(GIVEN DATA Opens)
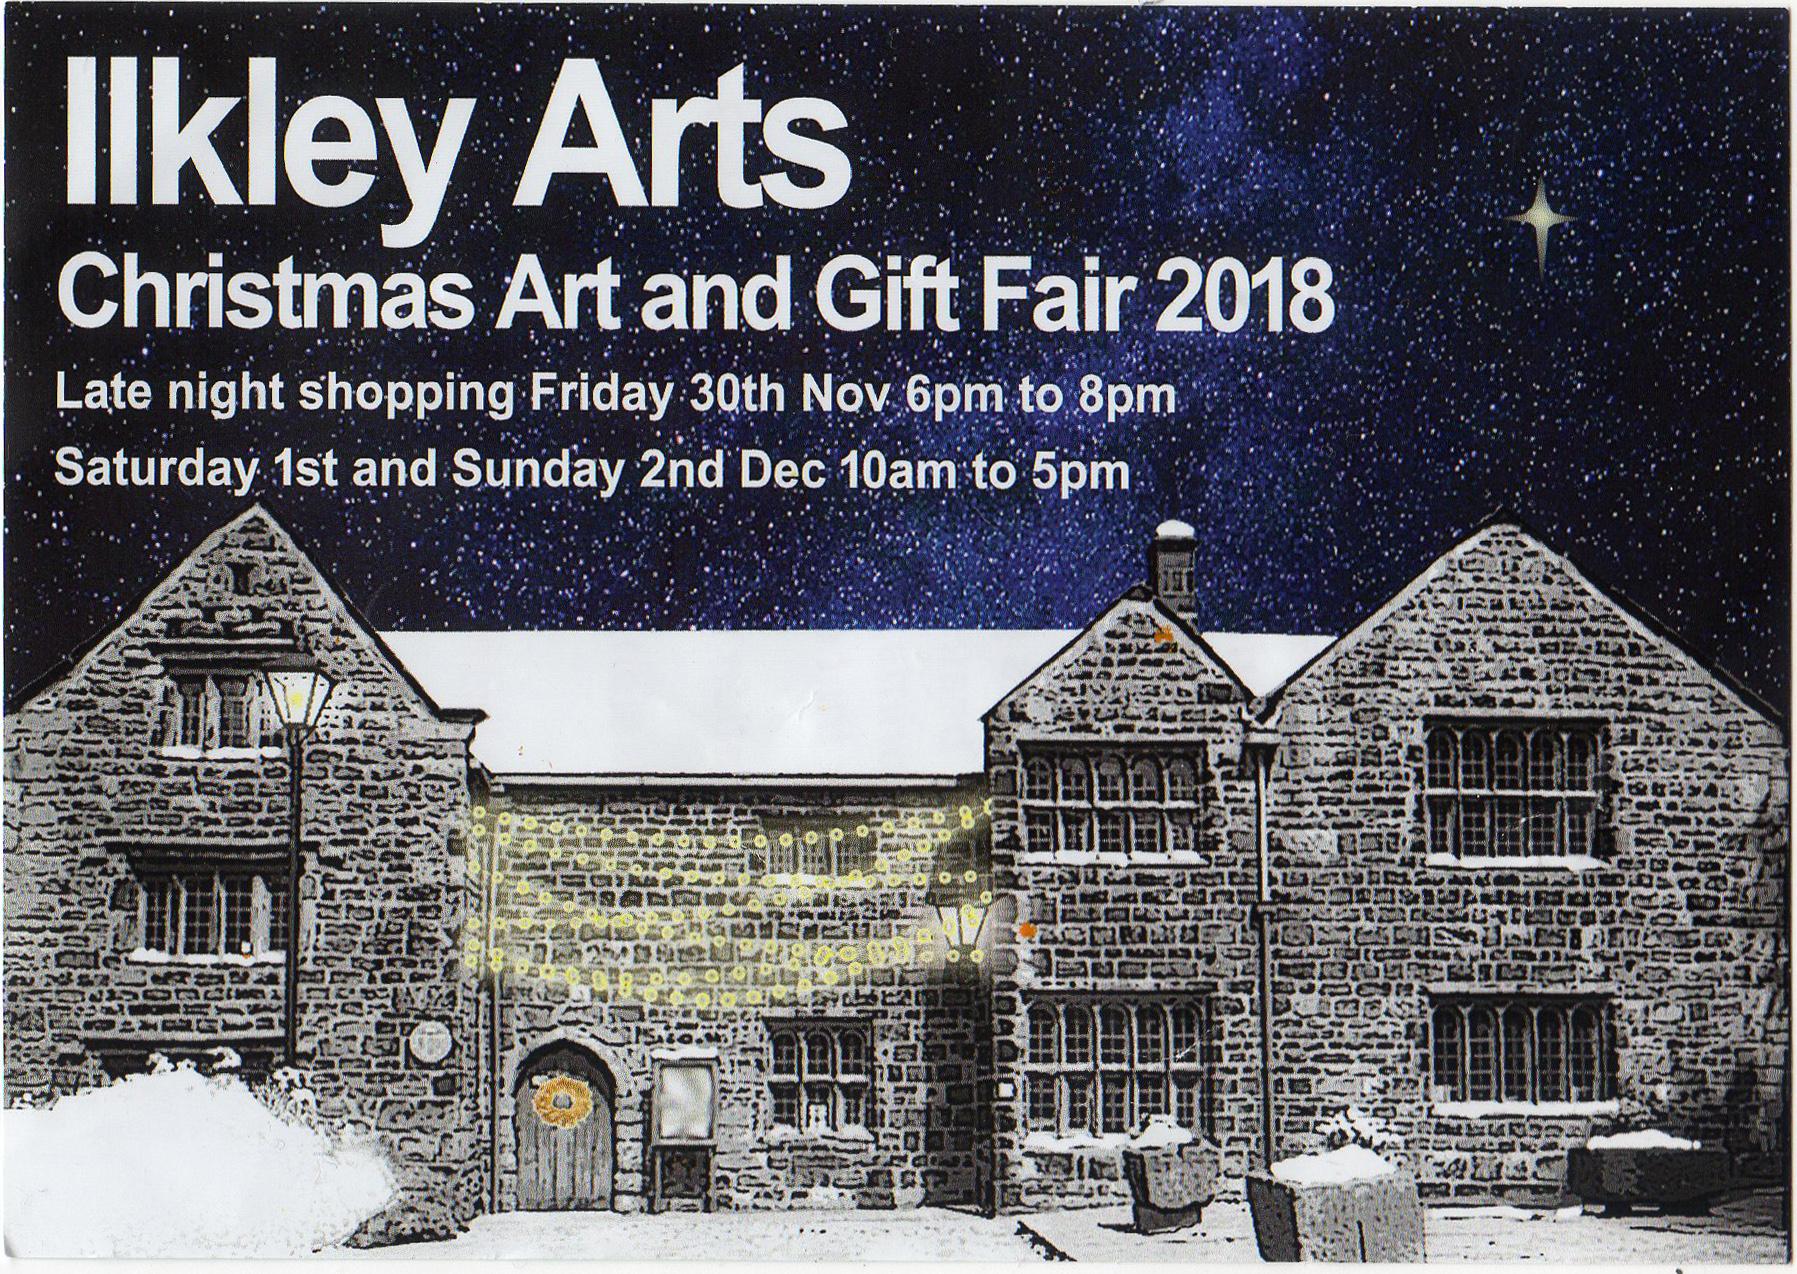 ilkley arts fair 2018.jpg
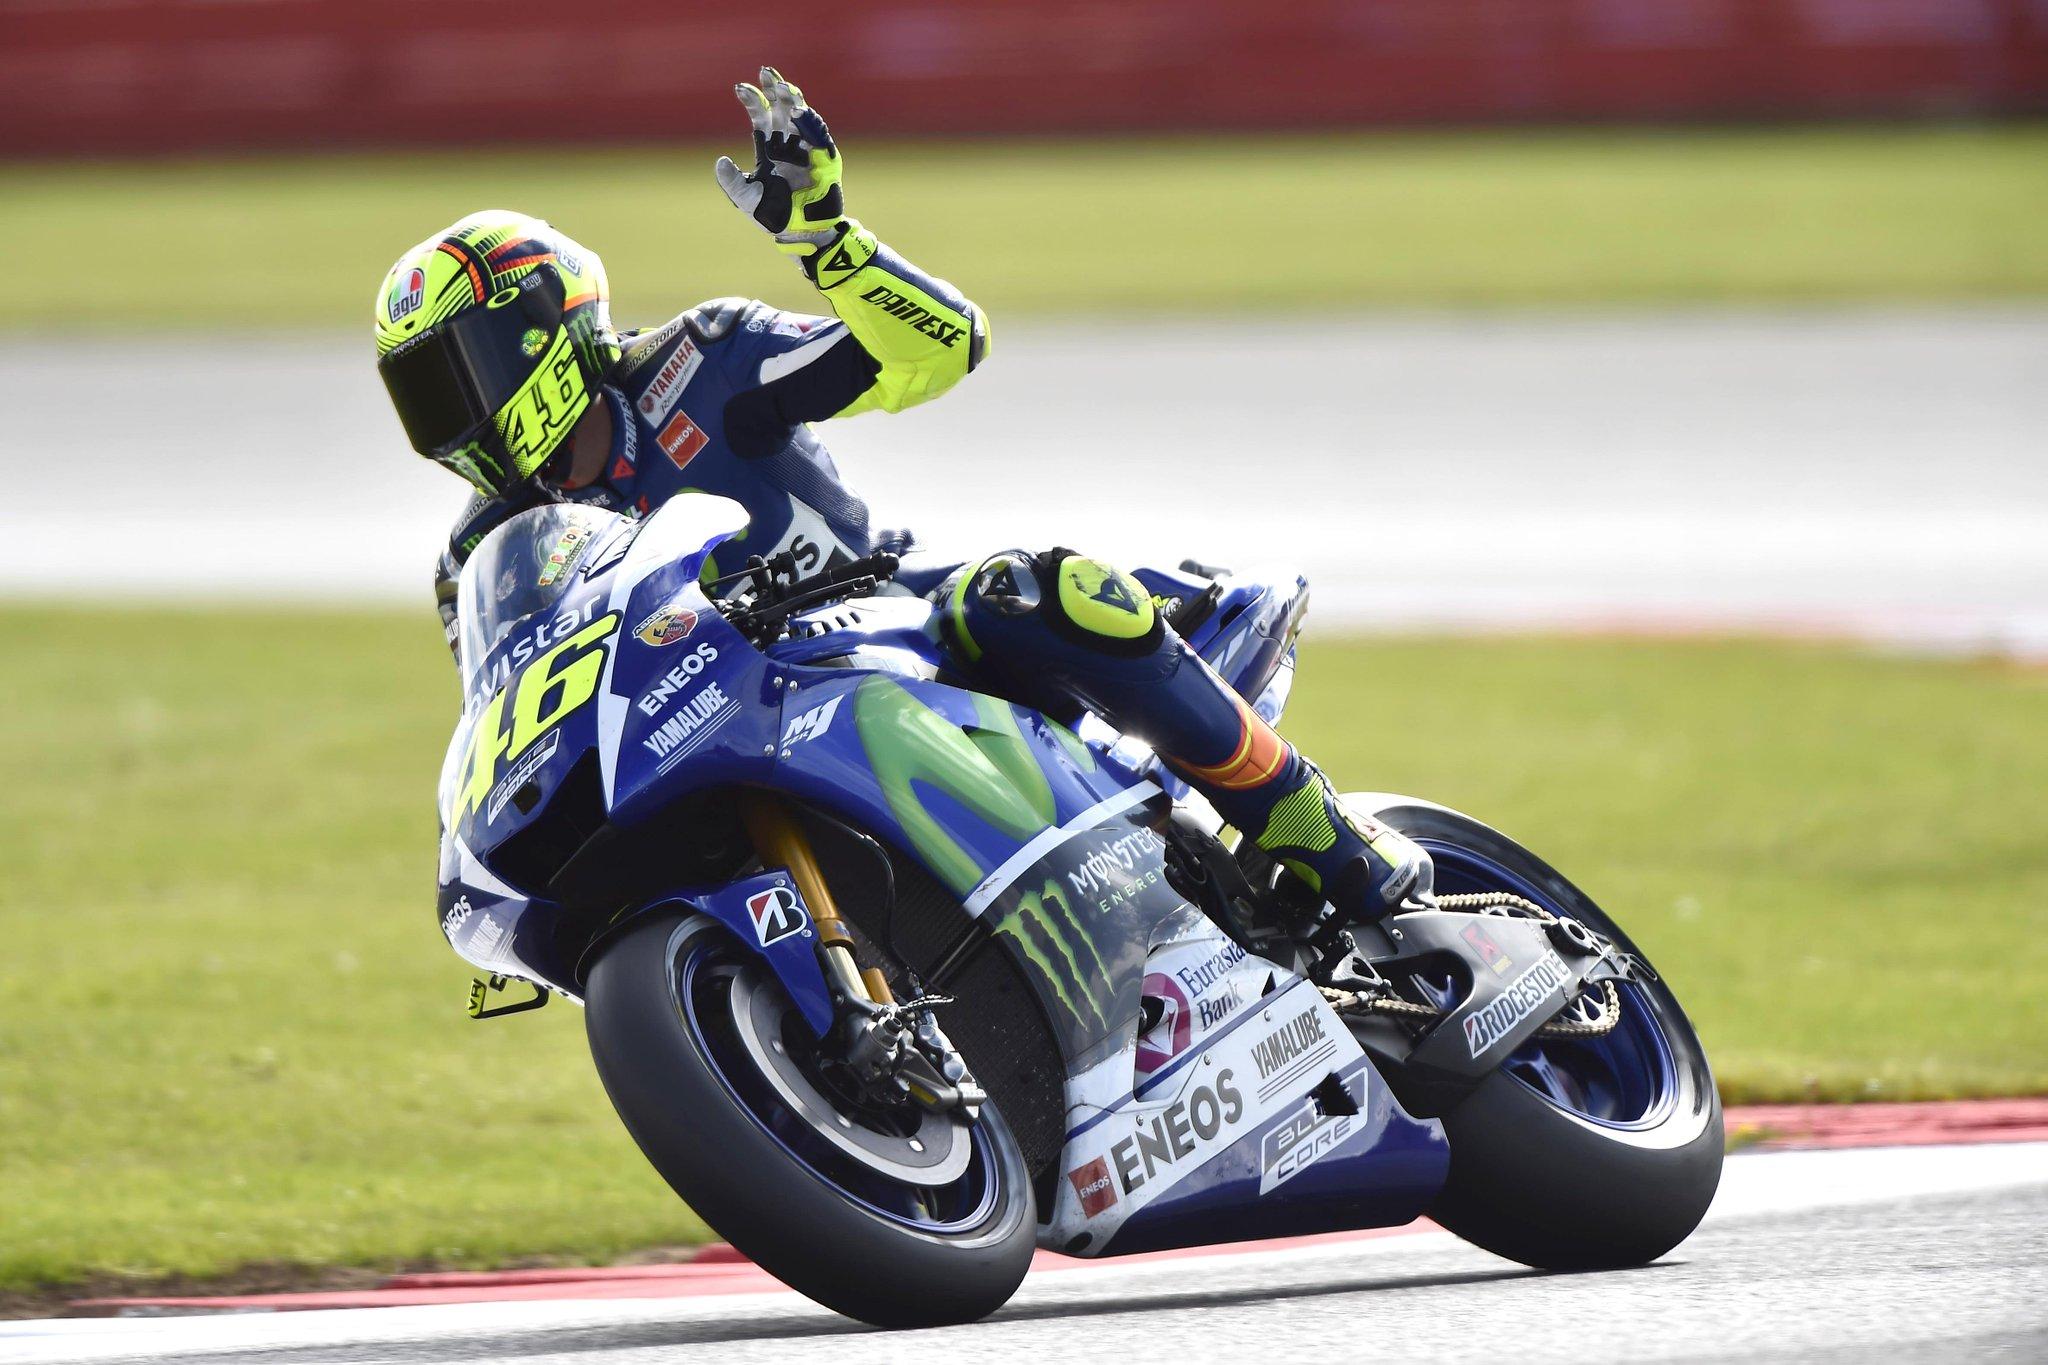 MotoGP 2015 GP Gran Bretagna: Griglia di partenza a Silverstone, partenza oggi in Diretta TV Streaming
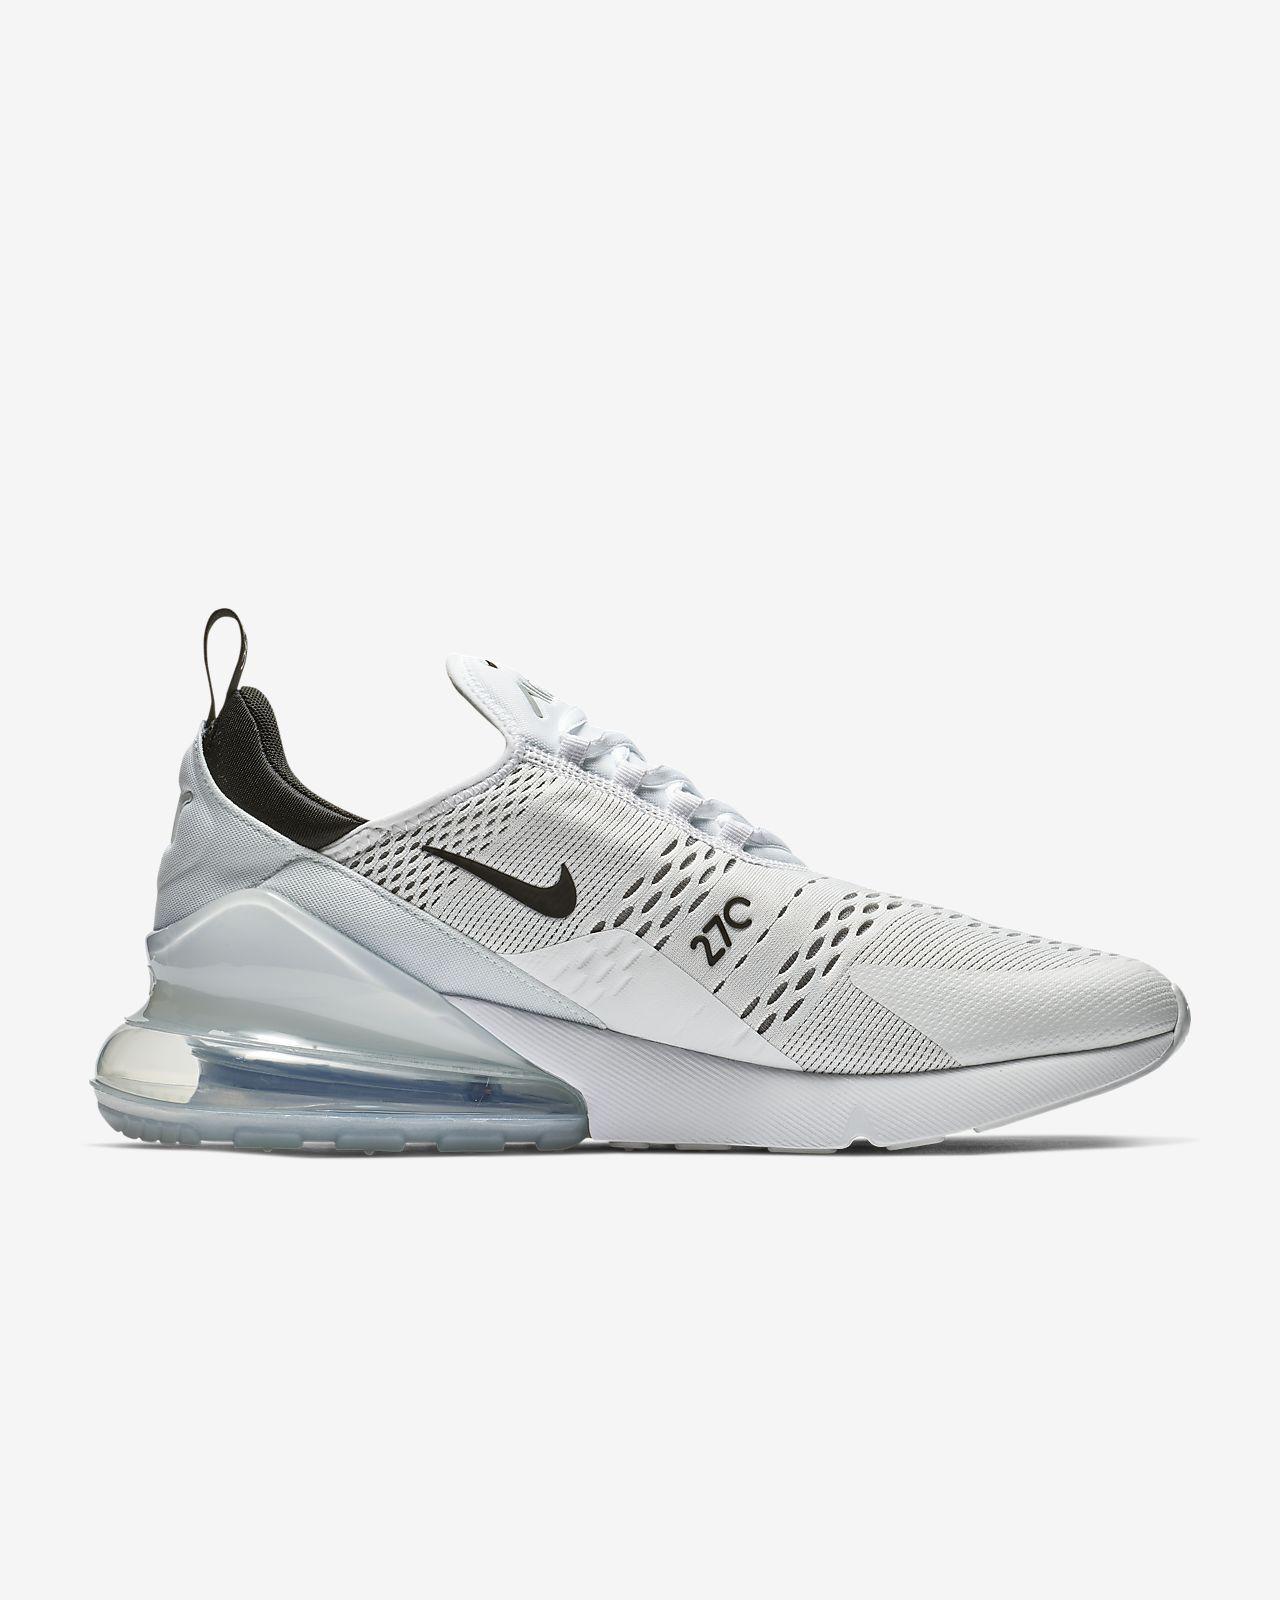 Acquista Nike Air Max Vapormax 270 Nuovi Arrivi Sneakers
(GIVEN DATA Closes)
"MotoGP 2015 GP" marks the first line to be returned; return exactly that line and every line after it through the last line of the listing, omitting pictures.

 MotoGP 2015 GP Gran Bretagna: Griglia di partenza a Silverstone, partenza oggi in Diretta TV Streaming
 Acquista Nike Air Max Vapormax 270 Nuovi Arrivi Sneakers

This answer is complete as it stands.